--- WHAT IS NEEDED ---
Look through the material below. Copy every line with the string "Русская" in it.
——
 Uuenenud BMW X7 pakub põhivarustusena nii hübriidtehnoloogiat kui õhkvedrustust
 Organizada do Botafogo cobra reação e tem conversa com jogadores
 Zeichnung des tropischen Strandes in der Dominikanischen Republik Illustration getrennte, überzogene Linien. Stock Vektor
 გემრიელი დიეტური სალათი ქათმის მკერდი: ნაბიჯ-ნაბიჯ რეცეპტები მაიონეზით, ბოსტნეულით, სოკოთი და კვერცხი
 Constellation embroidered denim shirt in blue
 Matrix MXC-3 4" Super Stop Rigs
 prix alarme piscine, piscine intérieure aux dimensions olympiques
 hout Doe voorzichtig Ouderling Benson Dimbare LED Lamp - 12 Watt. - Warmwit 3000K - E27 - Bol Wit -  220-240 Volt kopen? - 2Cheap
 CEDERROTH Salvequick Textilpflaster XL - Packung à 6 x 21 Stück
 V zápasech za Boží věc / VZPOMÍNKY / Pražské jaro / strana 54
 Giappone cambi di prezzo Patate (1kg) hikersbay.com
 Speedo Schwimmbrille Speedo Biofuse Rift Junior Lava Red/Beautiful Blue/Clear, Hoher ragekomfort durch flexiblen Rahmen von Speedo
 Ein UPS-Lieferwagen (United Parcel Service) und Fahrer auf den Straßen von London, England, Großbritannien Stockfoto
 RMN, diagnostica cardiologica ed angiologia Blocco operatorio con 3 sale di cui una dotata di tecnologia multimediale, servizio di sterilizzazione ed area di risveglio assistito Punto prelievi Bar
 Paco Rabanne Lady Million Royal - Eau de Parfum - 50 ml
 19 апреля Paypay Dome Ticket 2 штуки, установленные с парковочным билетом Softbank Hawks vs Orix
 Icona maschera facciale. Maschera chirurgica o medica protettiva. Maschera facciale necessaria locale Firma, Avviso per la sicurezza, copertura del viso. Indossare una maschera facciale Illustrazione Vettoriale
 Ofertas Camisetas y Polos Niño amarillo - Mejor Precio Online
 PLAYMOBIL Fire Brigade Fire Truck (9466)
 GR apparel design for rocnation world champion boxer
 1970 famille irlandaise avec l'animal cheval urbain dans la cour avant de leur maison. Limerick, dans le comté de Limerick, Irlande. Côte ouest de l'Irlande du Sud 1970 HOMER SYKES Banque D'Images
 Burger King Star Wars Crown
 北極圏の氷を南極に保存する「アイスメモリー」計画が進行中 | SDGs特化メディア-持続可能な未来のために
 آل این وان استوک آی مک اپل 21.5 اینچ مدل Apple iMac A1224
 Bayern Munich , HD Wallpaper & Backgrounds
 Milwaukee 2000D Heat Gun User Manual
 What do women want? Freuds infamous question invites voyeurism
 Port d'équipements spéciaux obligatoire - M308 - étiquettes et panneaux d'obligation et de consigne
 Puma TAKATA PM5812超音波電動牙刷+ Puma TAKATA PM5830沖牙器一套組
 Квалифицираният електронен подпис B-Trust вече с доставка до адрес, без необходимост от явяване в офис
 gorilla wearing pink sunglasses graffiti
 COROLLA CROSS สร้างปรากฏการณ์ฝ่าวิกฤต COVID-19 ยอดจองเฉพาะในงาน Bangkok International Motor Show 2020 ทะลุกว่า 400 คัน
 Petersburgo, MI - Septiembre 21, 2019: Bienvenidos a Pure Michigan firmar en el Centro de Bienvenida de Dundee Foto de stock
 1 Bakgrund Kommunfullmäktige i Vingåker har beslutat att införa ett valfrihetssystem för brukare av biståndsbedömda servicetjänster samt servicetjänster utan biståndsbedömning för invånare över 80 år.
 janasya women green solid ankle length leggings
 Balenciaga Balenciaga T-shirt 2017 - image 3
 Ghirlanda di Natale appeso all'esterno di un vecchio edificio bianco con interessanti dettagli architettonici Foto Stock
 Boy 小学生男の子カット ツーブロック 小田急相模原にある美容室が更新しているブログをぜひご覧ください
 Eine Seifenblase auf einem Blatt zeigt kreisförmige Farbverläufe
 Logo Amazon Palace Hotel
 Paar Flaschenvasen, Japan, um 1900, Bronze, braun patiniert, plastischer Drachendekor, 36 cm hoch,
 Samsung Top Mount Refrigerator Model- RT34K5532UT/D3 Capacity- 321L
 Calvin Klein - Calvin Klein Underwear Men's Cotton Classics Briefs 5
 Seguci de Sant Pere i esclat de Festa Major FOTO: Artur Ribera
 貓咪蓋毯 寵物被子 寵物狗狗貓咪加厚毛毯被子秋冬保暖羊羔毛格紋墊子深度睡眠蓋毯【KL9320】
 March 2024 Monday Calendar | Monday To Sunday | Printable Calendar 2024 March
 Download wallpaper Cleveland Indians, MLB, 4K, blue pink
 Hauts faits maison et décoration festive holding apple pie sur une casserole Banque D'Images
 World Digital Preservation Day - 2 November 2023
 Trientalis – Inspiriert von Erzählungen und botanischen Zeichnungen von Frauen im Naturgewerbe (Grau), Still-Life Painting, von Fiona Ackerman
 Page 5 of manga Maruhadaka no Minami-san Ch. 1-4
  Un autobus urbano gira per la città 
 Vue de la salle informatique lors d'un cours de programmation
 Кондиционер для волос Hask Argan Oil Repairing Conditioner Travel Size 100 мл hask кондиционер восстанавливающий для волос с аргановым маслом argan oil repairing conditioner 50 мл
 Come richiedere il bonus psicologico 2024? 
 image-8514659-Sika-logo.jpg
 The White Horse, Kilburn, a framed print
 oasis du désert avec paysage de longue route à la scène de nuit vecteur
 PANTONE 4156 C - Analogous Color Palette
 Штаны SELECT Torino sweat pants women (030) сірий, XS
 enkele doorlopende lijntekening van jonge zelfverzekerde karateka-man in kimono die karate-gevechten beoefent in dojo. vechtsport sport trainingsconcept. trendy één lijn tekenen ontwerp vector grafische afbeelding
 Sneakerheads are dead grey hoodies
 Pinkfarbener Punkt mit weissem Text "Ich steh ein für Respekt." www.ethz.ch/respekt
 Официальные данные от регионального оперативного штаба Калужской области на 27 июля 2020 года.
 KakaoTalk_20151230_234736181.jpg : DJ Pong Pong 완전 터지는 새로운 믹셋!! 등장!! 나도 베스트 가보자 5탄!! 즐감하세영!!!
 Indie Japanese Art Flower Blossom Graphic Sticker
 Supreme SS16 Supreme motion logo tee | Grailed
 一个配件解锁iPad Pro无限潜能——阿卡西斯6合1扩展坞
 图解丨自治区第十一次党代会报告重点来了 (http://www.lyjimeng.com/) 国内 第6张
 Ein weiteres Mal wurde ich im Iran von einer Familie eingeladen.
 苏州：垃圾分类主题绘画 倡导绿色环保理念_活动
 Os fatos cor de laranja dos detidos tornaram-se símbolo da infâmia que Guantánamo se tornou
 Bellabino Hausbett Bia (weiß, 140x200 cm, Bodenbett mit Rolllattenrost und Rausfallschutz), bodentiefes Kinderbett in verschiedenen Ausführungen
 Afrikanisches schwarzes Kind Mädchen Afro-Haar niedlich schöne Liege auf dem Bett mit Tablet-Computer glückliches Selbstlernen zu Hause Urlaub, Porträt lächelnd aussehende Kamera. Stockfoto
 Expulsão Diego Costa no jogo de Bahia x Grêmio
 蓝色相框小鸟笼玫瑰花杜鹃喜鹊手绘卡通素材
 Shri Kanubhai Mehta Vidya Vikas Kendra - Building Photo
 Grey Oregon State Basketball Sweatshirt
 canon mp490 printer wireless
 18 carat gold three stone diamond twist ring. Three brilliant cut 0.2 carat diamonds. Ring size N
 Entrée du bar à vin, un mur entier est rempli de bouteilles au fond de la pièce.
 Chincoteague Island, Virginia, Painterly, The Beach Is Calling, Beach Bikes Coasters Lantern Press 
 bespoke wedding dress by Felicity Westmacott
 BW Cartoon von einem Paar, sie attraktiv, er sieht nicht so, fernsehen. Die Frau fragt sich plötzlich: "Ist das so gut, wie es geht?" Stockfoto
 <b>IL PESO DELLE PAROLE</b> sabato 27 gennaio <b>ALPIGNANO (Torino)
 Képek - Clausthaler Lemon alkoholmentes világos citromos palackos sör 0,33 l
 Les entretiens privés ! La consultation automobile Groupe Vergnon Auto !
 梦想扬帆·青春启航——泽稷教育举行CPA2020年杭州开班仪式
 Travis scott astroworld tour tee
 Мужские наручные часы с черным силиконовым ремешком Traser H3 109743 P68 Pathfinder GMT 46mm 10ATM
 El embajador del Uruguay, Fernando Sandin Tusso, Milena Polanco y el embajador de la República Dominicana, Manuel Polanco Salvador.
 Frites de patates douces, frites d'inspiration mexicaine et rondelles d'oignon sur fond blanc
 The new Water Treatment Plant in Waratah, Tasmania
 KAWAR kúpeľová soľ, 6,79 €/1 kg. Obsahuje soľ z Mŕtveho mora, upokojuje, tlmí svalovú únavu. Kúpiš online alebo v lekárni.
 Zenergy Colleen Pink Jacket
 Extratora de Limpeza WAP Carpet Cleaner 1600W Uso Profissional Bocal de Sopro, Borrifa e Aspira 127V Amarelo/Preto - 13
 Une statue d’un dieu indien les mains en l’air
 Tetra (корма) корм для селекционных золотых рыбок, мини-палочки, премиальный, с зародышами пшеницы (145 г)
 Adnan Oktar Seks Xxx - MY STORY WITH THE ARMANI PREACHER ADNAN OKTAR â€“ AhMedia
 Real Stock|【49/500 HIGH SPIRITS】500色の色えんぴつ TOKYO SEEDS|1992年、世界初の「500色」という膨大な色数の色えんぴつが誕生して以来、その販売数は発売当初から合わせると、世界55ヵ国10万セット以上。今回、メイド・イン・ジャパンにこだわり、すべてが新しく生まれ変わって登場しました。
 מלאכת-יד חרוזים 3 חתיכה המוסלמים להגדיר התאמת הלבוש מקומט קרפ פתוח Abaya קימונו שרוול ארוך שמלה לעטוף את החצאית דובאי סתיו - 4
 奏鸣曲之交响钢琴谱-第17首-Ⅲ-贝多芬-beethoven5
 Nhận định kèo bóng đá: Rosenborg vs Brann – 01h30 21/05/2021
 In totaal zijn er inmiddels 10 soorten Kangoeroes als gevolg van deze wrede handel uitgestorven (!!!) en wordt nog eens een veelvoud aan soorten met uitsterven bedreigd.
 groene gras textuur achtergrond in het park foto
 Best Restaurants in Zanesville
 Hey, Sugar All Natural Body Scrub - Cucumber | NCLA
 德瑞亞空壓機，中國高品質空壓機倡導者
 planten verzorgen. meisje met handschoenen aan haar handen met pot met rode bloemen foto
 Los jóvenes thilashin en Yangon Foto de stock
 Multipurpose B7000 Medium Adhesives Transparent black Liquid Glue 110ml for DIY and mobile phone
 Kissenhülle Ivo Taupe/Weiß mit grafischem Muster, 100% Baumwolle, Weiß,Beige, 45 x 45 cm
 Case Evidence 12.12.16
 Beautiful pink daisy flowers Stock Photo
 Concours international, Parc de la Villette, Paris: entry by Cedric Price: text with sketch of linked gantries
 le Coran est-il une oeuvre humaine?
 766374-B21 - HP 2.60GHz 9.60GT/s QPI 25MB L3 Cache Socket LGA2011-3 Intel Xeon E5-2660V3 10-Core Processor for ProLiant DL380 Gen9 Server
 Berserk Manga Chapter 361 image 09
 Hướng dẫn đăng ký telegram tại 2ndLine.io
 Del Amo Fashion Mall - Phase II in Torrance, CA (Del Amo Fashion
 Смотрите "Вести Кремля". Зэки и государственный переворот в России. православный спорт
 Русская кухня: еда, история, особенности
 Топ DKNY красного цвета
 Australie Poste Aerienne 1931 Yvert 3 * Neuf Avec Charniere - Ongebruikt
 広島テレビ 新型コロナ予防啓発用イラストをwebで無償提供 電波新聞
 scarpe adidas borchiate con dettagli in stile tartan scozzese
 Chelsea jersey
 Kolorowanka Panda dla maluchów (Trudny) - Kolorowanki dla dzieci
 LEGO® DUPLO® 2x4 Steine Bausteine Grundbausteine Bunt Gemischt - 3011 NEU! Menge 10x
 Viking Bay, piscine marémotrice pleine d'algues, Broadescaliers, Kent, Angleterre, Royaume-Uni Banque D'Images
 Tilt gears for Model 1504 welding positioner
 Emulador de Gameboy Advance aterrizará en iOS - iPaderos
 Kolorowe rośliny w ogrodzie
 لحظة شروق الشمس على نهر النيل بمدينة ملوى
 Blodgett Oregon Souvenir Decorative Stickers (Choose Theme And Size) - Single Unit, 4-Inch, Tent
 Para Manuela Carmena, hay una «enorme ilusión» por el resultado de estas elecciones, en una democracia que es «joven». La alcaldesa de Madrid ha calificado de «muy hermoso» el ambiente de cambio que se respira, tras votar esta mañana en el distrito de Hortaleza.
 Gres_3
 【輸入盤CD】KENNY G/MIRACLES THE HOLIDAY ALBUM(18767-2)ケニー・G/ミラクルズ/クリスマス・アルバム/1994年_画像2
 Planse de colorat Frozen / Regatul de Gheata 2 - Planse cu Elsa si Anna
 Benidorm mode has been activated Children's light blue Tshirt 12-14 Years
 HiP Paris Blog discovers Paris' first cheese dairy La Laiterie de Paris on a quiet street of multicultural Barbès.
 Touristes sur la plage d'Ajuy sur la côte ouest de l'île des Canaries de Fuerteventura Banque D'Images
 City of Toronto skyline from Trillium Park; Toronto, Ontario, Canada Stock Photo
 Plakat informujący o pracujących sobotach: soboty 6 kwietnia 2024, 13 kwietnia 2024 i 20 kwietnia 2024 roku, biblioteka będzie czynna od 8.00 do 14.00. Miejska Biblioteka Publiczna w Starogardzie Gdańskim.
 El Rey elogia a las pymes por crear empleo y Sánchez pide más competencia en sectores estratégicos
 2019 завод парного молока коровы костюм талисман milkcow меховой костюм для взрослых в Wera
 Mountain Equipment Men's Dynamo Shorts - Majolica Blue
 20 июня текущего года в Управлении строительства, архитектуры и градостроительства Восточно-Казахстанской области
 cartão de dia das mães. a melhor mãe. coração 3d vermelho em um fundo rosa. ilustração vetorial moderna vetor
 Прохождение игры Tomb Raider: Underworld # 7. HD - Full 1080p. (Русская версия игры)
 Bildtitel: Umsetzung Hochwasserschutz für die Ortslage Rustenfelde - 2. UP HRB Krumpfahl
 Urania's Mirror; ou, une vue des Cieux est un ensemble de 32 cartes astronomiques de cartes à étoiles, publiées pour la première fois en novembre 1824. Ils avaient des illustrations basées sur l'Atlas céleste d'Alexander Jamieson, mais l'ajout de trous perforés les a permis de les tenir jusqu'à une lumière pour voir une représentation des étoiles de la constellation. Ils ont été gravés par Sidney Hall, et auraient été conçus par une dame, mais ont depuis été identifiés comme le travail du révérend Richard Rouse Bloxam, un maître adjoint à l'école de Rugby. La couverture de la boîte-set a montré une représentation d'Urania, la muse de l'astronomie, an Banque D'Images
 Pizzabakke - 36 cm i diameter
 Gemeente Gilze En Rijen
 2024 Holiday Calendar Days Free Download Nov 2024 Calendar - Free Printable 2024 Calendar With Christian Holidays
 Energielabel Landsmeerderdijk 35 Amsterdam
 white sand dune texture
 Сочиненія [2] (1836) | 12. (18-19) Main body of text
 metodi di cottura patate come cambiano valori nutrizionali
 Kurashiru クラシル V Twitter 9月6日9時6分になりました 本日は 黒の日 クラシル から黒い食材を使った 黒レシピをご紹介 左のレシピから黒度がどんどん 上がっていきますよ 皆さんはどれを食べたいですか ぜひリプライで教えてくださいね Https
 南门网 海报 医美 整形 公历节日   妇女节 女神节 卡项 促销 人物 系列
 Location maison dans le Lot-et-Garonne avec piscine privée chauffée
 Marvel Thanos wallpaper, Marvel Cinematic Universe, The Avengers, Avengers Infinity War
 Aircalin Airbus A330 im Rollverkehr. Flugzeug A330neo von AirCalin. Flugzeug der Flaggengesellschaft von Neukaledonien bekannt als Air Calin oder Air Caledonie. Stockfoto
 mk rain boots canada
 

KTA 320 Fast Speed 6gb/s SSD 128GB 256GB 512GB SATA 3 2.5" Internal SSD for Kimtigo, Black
——
--- SOLUTION FOR THIS EXERCISE ---
 Русская кухня: еда, история, особенности
 Прохождение игры Tomb Raider: Underworld # 7. HD - Full 1080p. (Русская версия игры)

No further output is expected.